Life on a Navy ship is not known for being a comfortable and enjoyable experience. It is crowded, loud, smelly, and generally miserable. But if the U.S. military teaches you anything, it is that things always have the potential to get worse.
Enter the Auxiliary Personnel Lighter (APL), the Navy’s solution for temporarily housing sailors when their warships are uninhabitable because of repairs, giant fires, or anything else that would keep them ashore for longer than usual.
Also known as a Berthing and Messing Barge, the floating barracks is essentially an 82-meter long gray-white building the Navy can place on the water that has no means of propulsion, armaments, or soul.
The Navy’s newest berthing barge, APL-67, sailed from VT Halter Marine’s Mississippi shipyard this week en route to Naval Base San Diego for its eventual delivery to Yokosuka, Japan.
In theory, they should be better than ships. These barracks barges can house up to 611 sailors broken down into 537 enlisted and 74 officers. They have everything sailors need to continue their day-to-day life as if they were still on the ship such as offices, medical facilities, a barbershop, a gym, and dining areas that can seat up to 224 enlisted and 28 officers at a time, “allowing food service for 1,130 personnel to have three meals a day,” according to Navy.
But they aren’t better, according to sailors. Not by a long shot.
To start, most of the Navy’s berthing barges are old as hell. At the moment, 13 of the service’s current fleet of 18 were built between 1944 and 1946, back when lead paint and asbestos were industry standards and ‘quality of life’ wasn’t even a phrase. Their newest one was over 20 years old before the service took delivery of APL-67 last week.
And according to folks on social media, they’re also noisy, dirty, and nothing works — at least, on the older models. One person on Twitter compared them to a decades-old neglected motel:
Sailors on Reddit were overwhelmingly anti-barge. One called living the experience “literally the shittiest thing the [N]avy ever did to me.”
“It’s literally the worst experience of my life,” wrote another. “It was so bad that on duty days I would sleep on the ship (which had no AC and I live in Florida). Ours was infested with roaches and bed bugs. I and many others I know wouldn’t even shower on it.”
And another said, “Prepare to live with cockroaches and mice. Here’s some advice, get an apartment.”
The most scathing criticism we found stated simply: “When we were assigned a barge when our ship was decommissioning it was the most vile, disgusting thing I had ever been aboard.”
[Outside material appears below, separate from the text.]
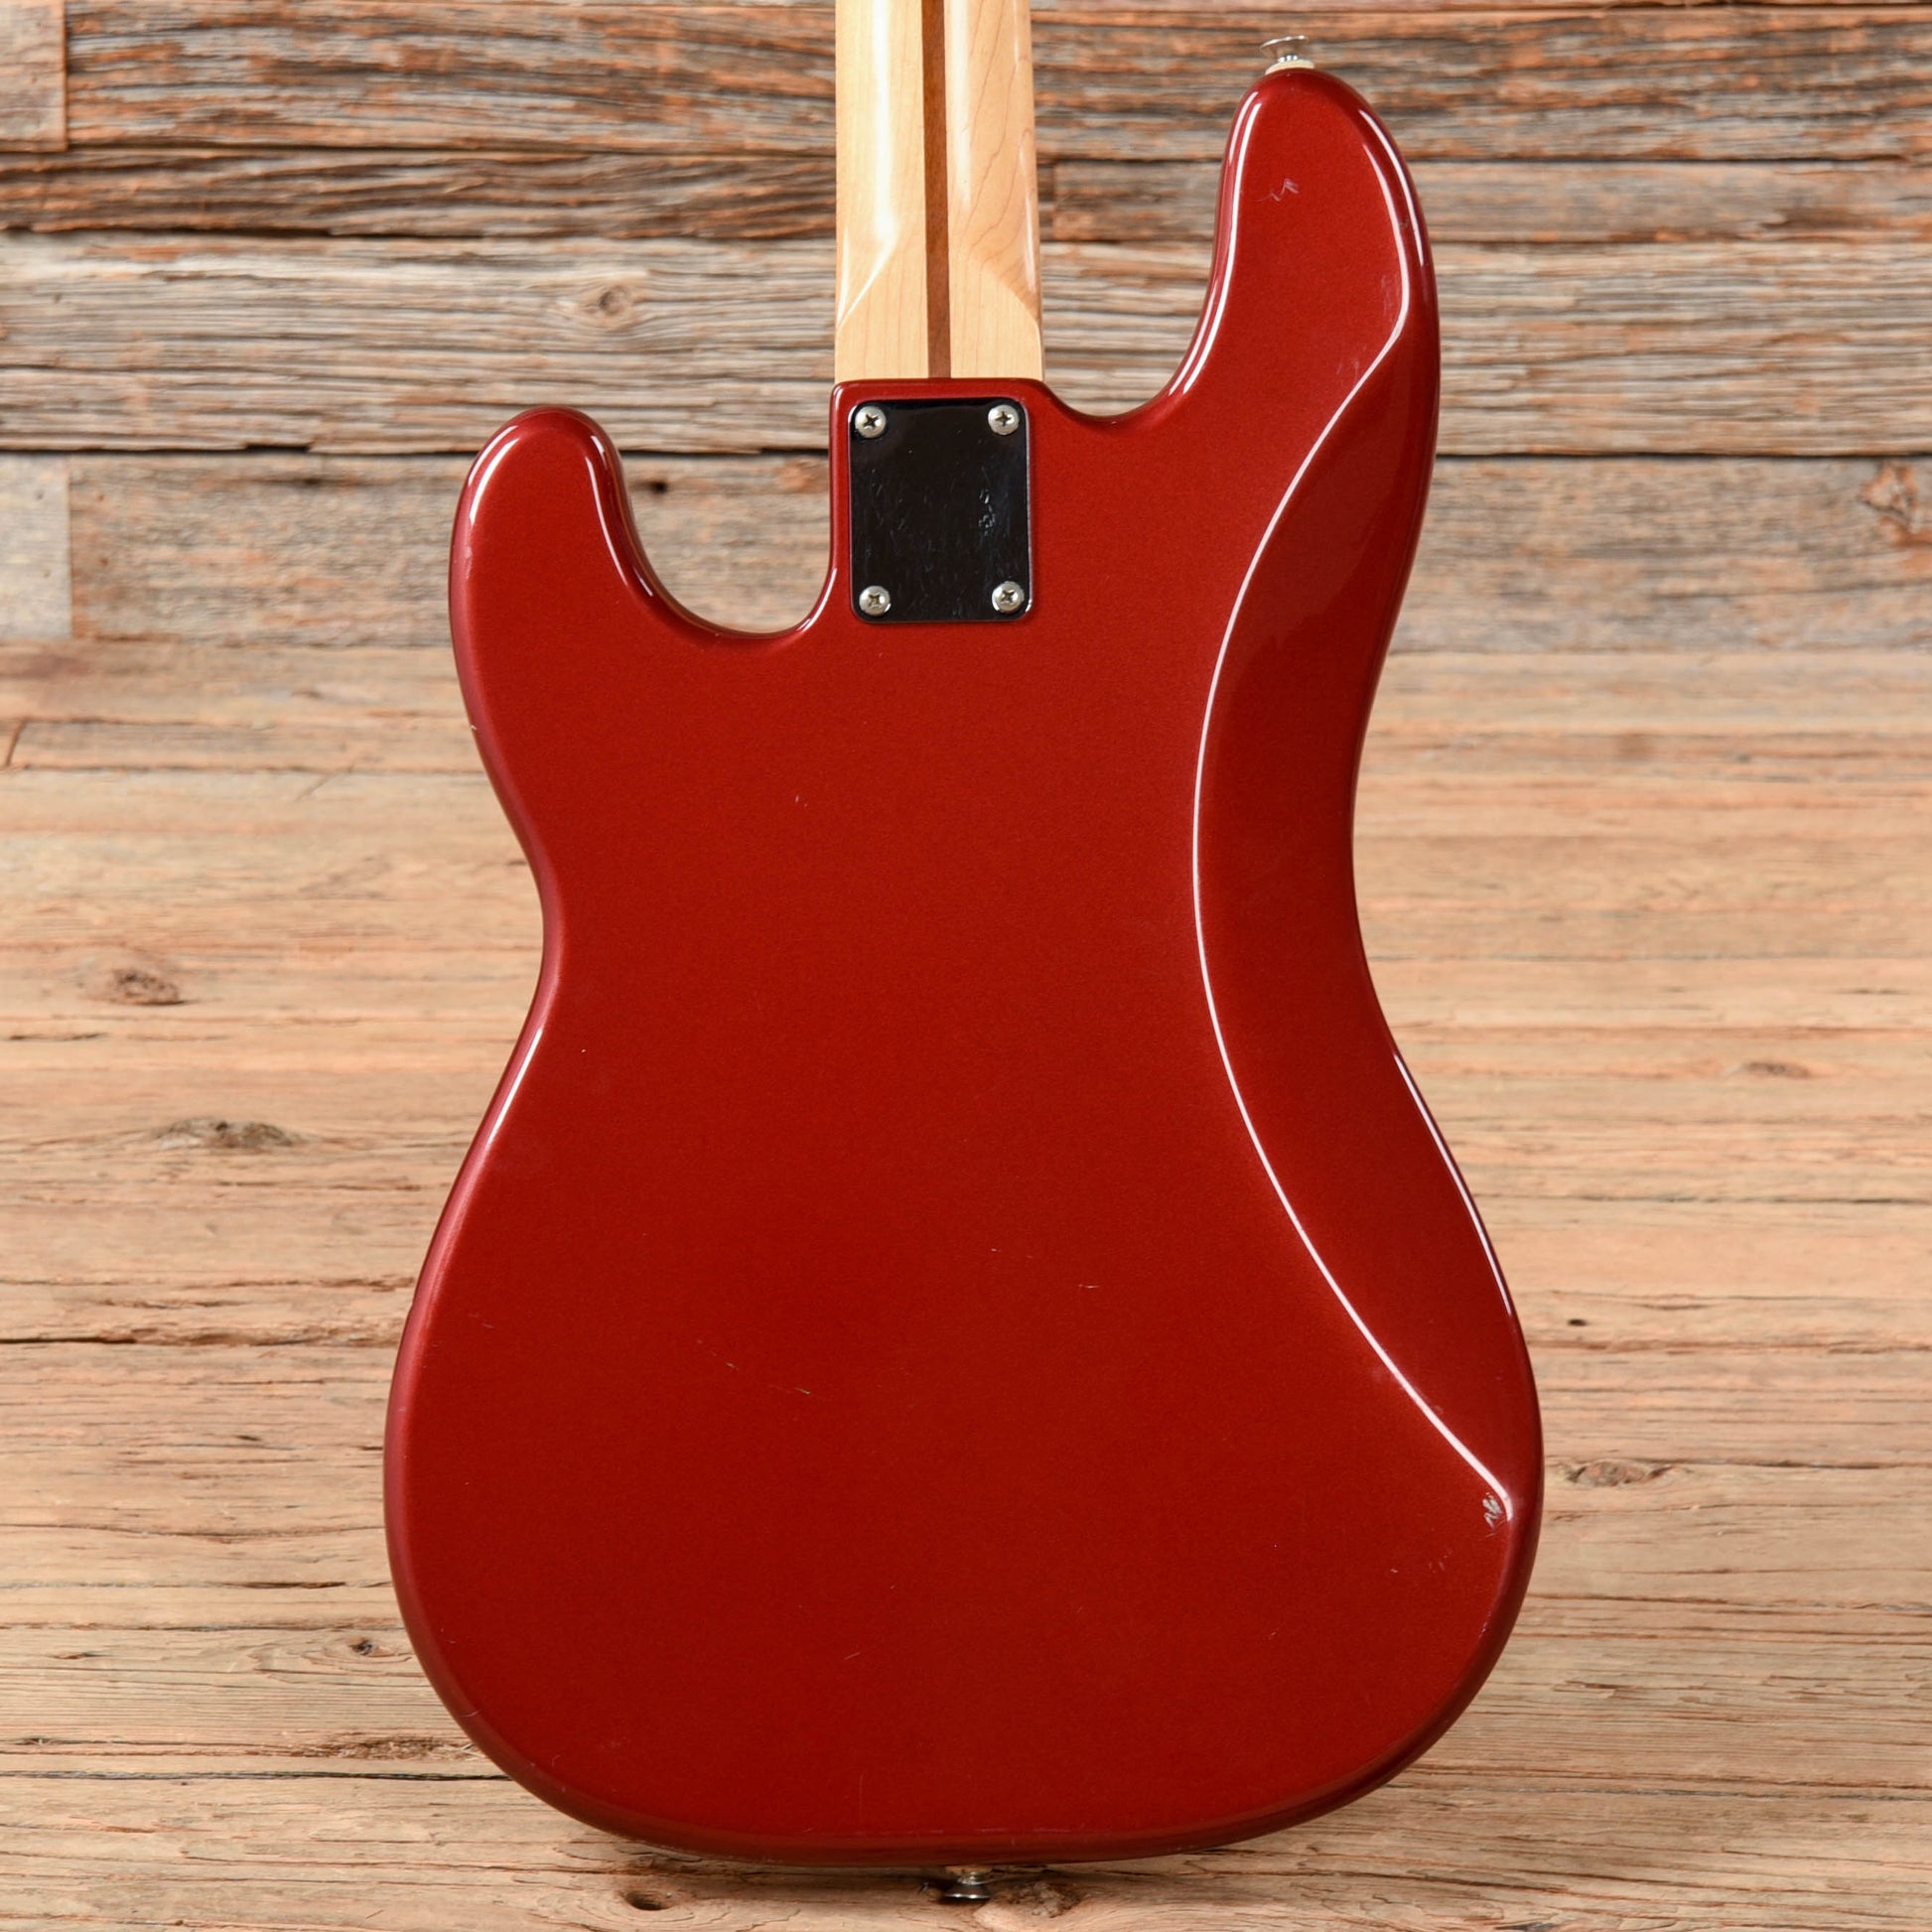 Fender Standard Precision Bass Red 1993 Bass Guitars / 4-String

Indeed, an informal poll Task & Purpose posted on Instagram was overwhelmingly against berthing barges with 64 percent of respondents preferring ships. That’s really saying something considering how unpleasant life on a standard Navy ship can be.
Fortunately for the sailors who have to live on them, not everything is awful. According to the service, the berthing areas (where you sleep) only hold 18-24 sailors and have the heads (bathrooms) attached to them. This seems better than having possibly hundreds of sailors crammed in one area and the heads scattered all over like on most Navy ships.
Indeed, some sailors enjoyed the experience. In a 2018 interview with the Kitsap Sun, Mass Communication Specialist Third Class Christopher Jahnke stated that “As a single sailor, there’s pretty much everything I could want or need here.” Not exactly a glowing recommendation, but that’s about as positive you can be in the Navy, I guess.
While everything in the U.S. military has pros and cons, leave it up to the Navy to find a way to make living on a cramped, unstable, and smelly ship preferable to an alternative. Hopefully, this new barge is a drastic improvement over the old, but, as with most other major Navy projects, only time will tell.